:: Recorded information ::
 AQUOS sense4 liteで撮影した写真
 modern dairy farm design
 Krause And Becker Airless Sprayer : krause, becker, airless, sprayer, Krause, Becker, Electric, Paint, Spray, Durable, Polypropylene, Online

:: Exercise goal ::
A word-for-word copy of all the material is the required answer.

:: Problem solution ::
 AQUOS sense4 liteで撮影した写真
 modern dairy farm design
 Krause And Becker Airless Sprayer : krause, becker, airless, sprayer, Krause, Becker, Electric, Paint, Spray, Durable, Polypropylene, Online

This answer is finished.